The Gulfarium C.A.R.E. Center
in Northwest Florida released eight Kemp’s ridley sea turtles into the Gulf of Mexico on Thursday, Feb. 25, 2021.
The sea turtles arrived at the C.A.R.E. Center on Monday, Dec. 14, 2020, after being stranded off the coast of New England during a mass cold-stun event. The turtles were released in Cape San Blas, as required by Florida Fish and Wildlife Conservation Commission (FWC).
Cold stunning occurs when a sea turtle is exposed to cold water for an extended period of time. This exposure causes their heartrate to decrease, resulting in the turtle becoming lethargic and often unable to eat. Unfortunately, cold stunning events, where large numbers of sea turtles become stranded, are not unusual in Northern areas during the months of November through February as water temperatures drop below 50 degrees.
Upon arrival at the C.A.R.E. Center, the veterinary team assessed each individual turtle, took x-rays and determined the best plan of action to care for these endangered animals. All of the sea turtles received antibiotics during their rehabilitation to aid in their recovery. Once all sea turtles were doing well, had gained weight and were able to eat without assistance, they were deemed ready for release by the FWC.

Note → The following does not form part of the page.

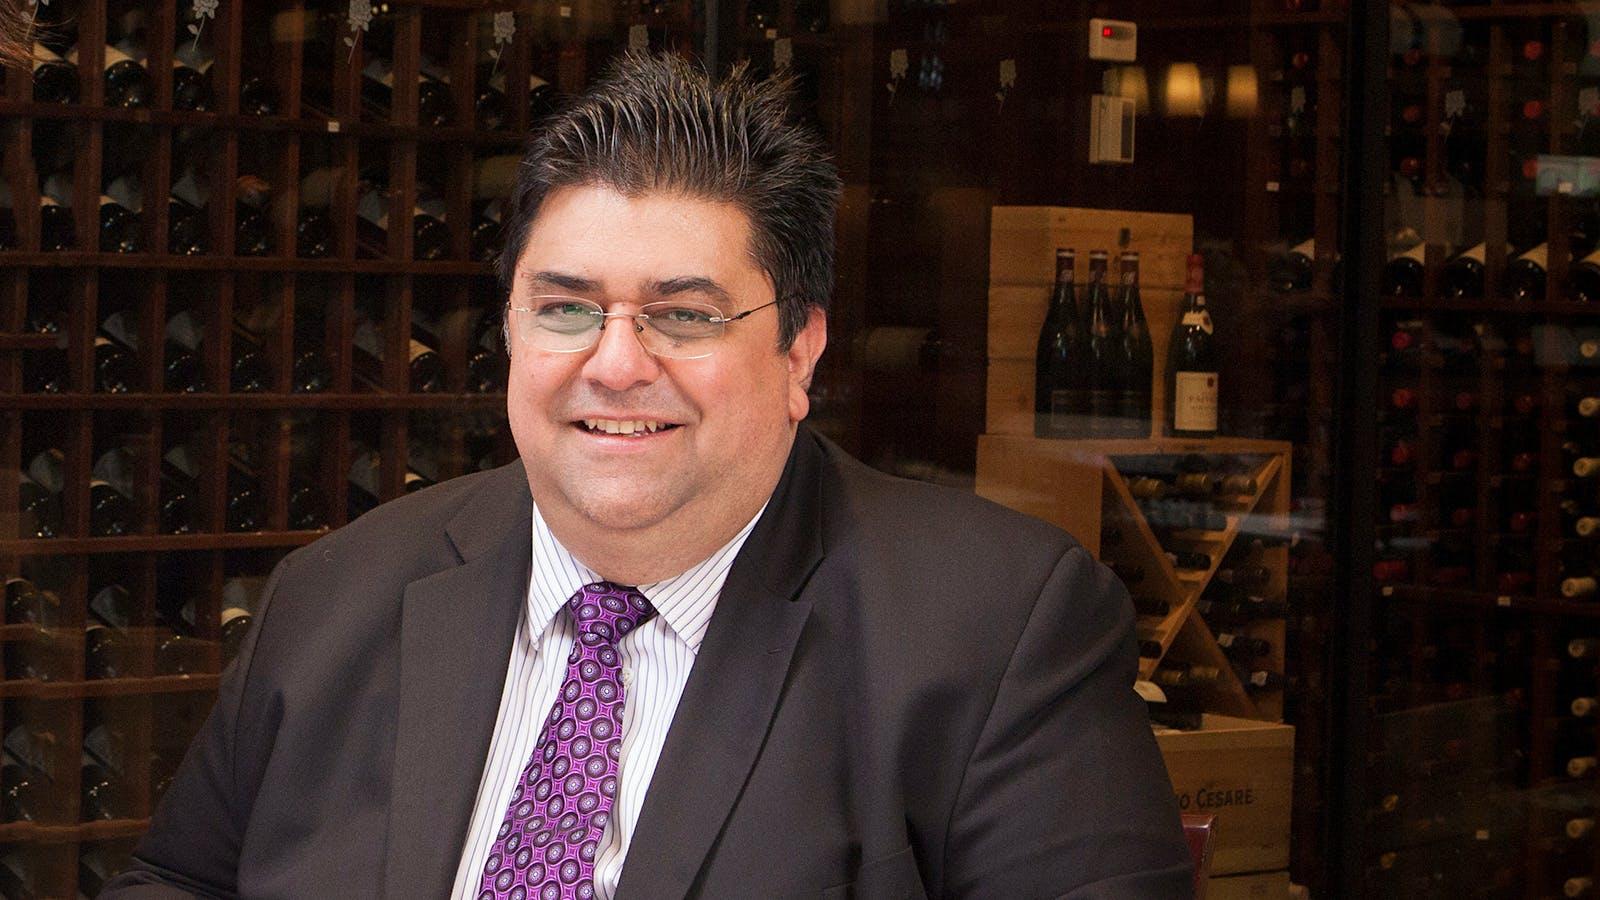 Wine Scam Targets Business Elite

“We are so grateful to have been able to help these sea turtles,” states Terra Throgmmorton, Gulfarium’s Medical and Stranding Coordinator. “Kemp’s ridleys are the most endangered species of sea turtle in the world, so anything that we can do to try to conserve this precious species is vital. We are so thankful for everyone involved who has helped us to provide the best possible veterinary care for these turtles that came to us from the Northeastern seaboard of the Atlantic due to a cold-stun event"
If you see a sea turtle in distress, injured, or deceased please report it to Florida Fish and Wildlife Conservation Commission immediately at 1-888-404-FWCC (1-888-404-3922).